* SPDR holdings jump to record 1,124.99 tonnes
* Gold market eyes equities, dollar
(Updates prices after U.S. data)
By Paul Lauener
LONDON, March 25 (Reuters) - Gold eased on Wednesday, but a
softer tone on equity markets and strong investor interest are
expected to support prices of the precious metal, seen as a safe
store of value.
The precious metal used as a hedge against financial
uncertainty has come under pressure in recent days as stock
markets rallied on optimism about the U.S. government's drive to
clean up bad loans held by banks.
Spot gold <XAU=> was bid at $922.30 an ounce at 1332 GMT,
down from $925.65 late in New York on Tuesday when it fell
nearly 2 percent on fund selling and a stronger dollar.
David Thurtell, an analyst at Citigroup, said gold had found
a base. "The equity markets had an indifferent night and gold
has found a bit of support. The flows out of gold towards
equities seem to have abated for now."
Thurtell said the stock market would probably be the
deciding factor in setting gold prices on Wednesday.
European stocks slipped as a recent rally in financials on
the back of a U.S. plan to purge toxic assets from banks'
balance sheets lost steam. [] []
PIPELINE PRESSURES
But traders said a rise in U.S. durable goods orders could
help both stock markets and the dollar, which could push gold
down further. []
A higher dollar makes commodities priced in the U.S.
currency more expensive for holders of other currencies.
Gold is up about 5 percent from a six-week low of $882.90
hit on March 18, but is still more than 7 percent shy of
the 11-month high above $1,000 set in February.
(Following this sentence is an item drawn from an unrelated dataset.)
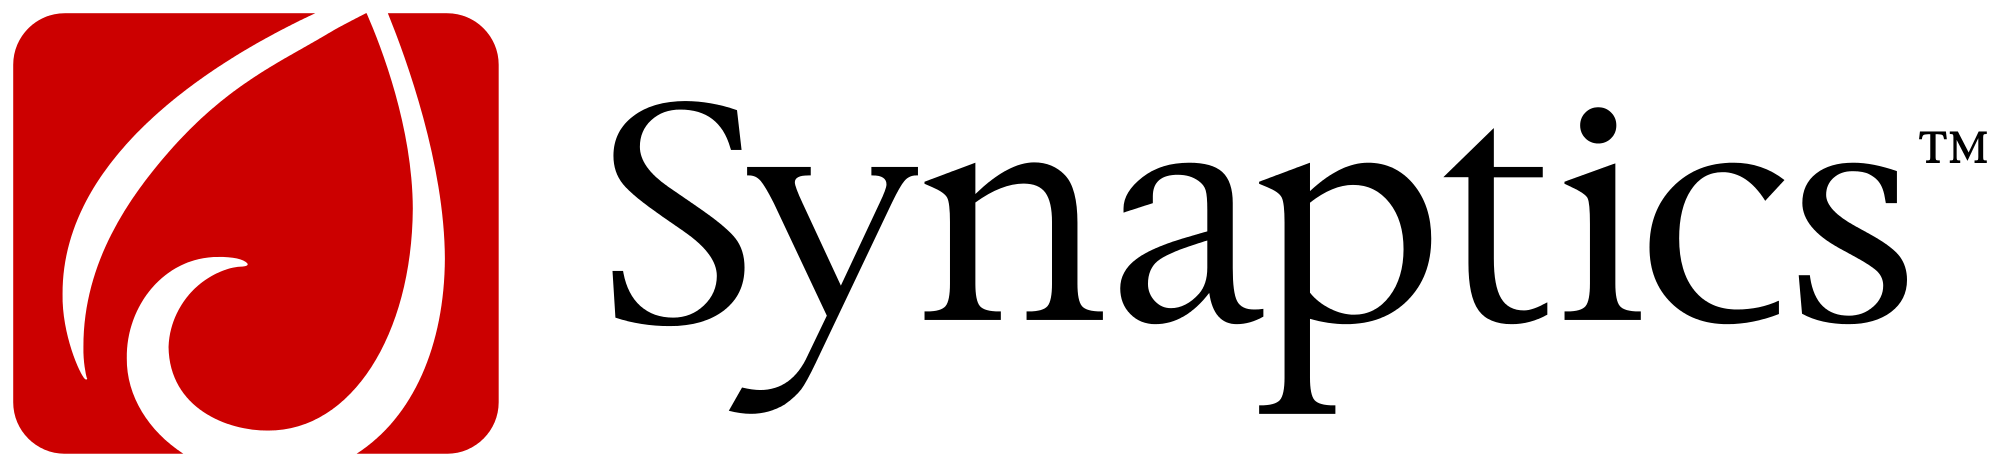 Synaptics Logo - File:Synaptics logo.svg - Wikimedia Commons

It soared to an
all-time peak of $1,030.80 in March 2008.
Investors piled into gold in recent months as the financial
crisis escalated, the dollar tumbled and markets started to
worry about price pressures in the pipeline because of the vast
amounts of money being pumped into economies.
"We believe that the aggressive credit easing by U.S.
authorities has come with the risk of a huge expansion in
liquidity, and with it inflationary concerns that could prove
to be positive for gold further ahead," Barclays Capital said.
Strong interest can be seen in the world's largest
gold-backed exchange-traded fund, the SPDR Gold Trust <GLD>,
which said its holdings rose to a record 1,124.99 tonnes on
March 24, up 10.7 tonnes from the day before.[]
For details on the gold holdings of the ETF listed in New
York and co-listed on other exchanges, click:
http://www.exchangetradedgold.com/iframes/usa.php
For a graphic, click:
https://customers.reuters.com/d/graphics/MKTS_SPDRGLD240309.jpg
Spot silver <XAG=> was bid $13.18 an ounce from $13.40 an
ounce on Tuesday, palladium <XPD=> at $204 from $205.50 and
platinum <XPT=> at $1,112 from $1,114.
Platinum used in autocatalysts to clean car emissions has
tumbled alongside deteriorating sales in the auto sector. Prices
have halved since a record $2,290 in March 2008.